Summer's Last Gasp-- Vegan Panzanella and Veggies galore!
Warm Bread Salad with Tomatoes
adapted from I Heart NY by Daniel Humm & Will Guidara
1/4 c. olive oil
6 cloves of garlic crushed but left whole
5 c. torn baguette or other yummy bread
1 c. sliced (1/4 inch) red onion
5 c. of roughly chopped heirloom tomatoes
3 tbsp. red wine vinegar
1 bunch of fresh basil torn
1/4 c. capers
1/2 c. oil cured black olives
Salt & ground black pepper
Small basil leaves for garnish
In a large saute pan, heat the olive oil over medium-high heat. Add the garlic and cook until fragrant, 1-2 minutes. Add the torn bread to the pan and saute until golden brown, 4-5 minutes. Lower the heat to medium-low, add the red onion and saute for 1 minute, and then add 1/2 the tomatoes. Add the vinegar and remove from the heat. Add the basil, capers, olives and remaining tomatoes and toss to combine. Season with salt and pepper to taste and garnish with basil leaves.
Grilled Summer Veggies (squash and eggplant)

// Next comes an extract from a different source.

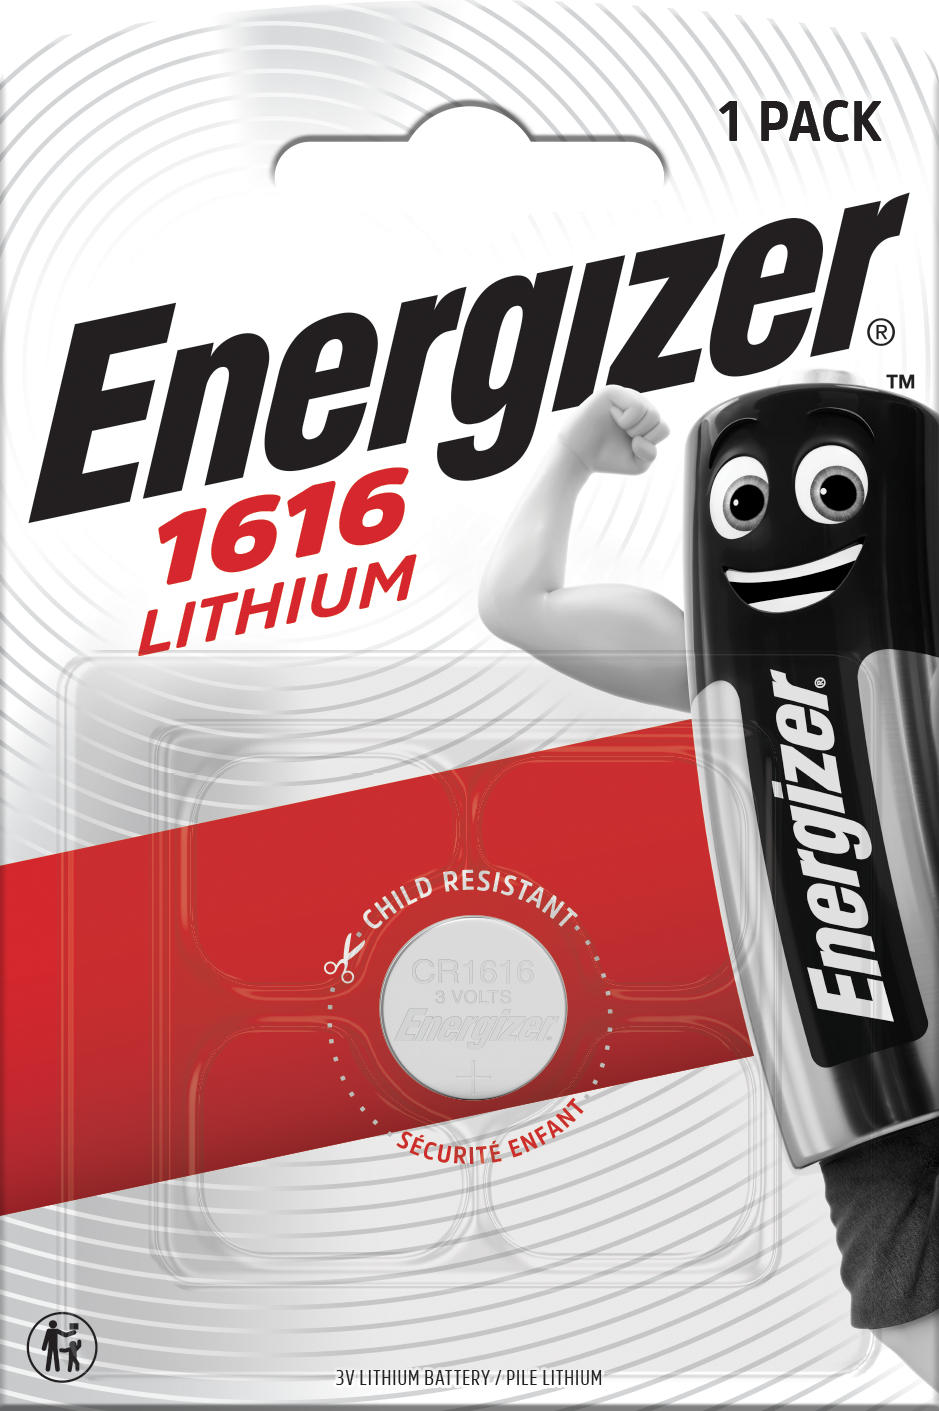 [8558869] Batteri Lithium CR1616 1p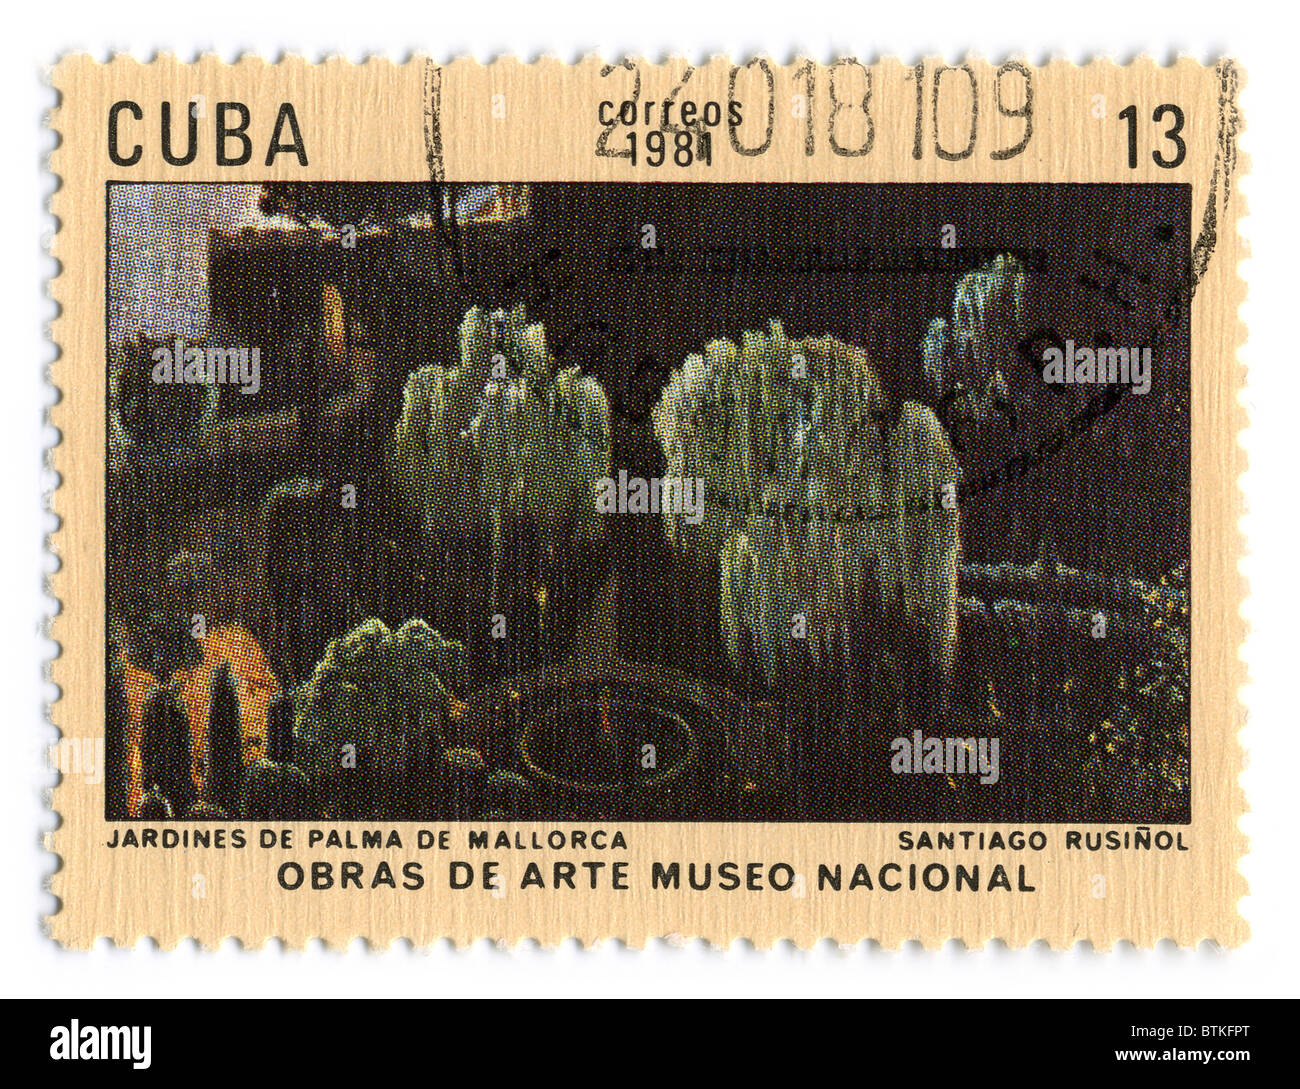 CUBA - CIRCA 1981: A stamp printed in CUBA shows paint by Santiago Rusinol 'Gardens Palma de Mallorca', circa 1981 Stock Photo

Slice (1/2 inch thick - this is prettier) or cube the veggies (1 inch). Coat a grill pan (or the veggies) with a small amount of oil and put the grill pan over a flame on medium-high heat. Watch them pretty closely. When you peek underneath and see the black char lines at the shade you like, flip the veggies and watch them until they look done - peeking as needed. For the oven roasted veggies - coat the pan with a pretty light layer of oil. Lay the vegetables on the sheet - don't overlap. Brush other side with a light coating of oil- they don't have to be completely coated. Roast at 400 degrees. Check them after 12-15 minutes and flip them when they are starting to brown on the bottom. Check them in 8-10 minutes after the first turn. You can flip them more than once if you want them more brown.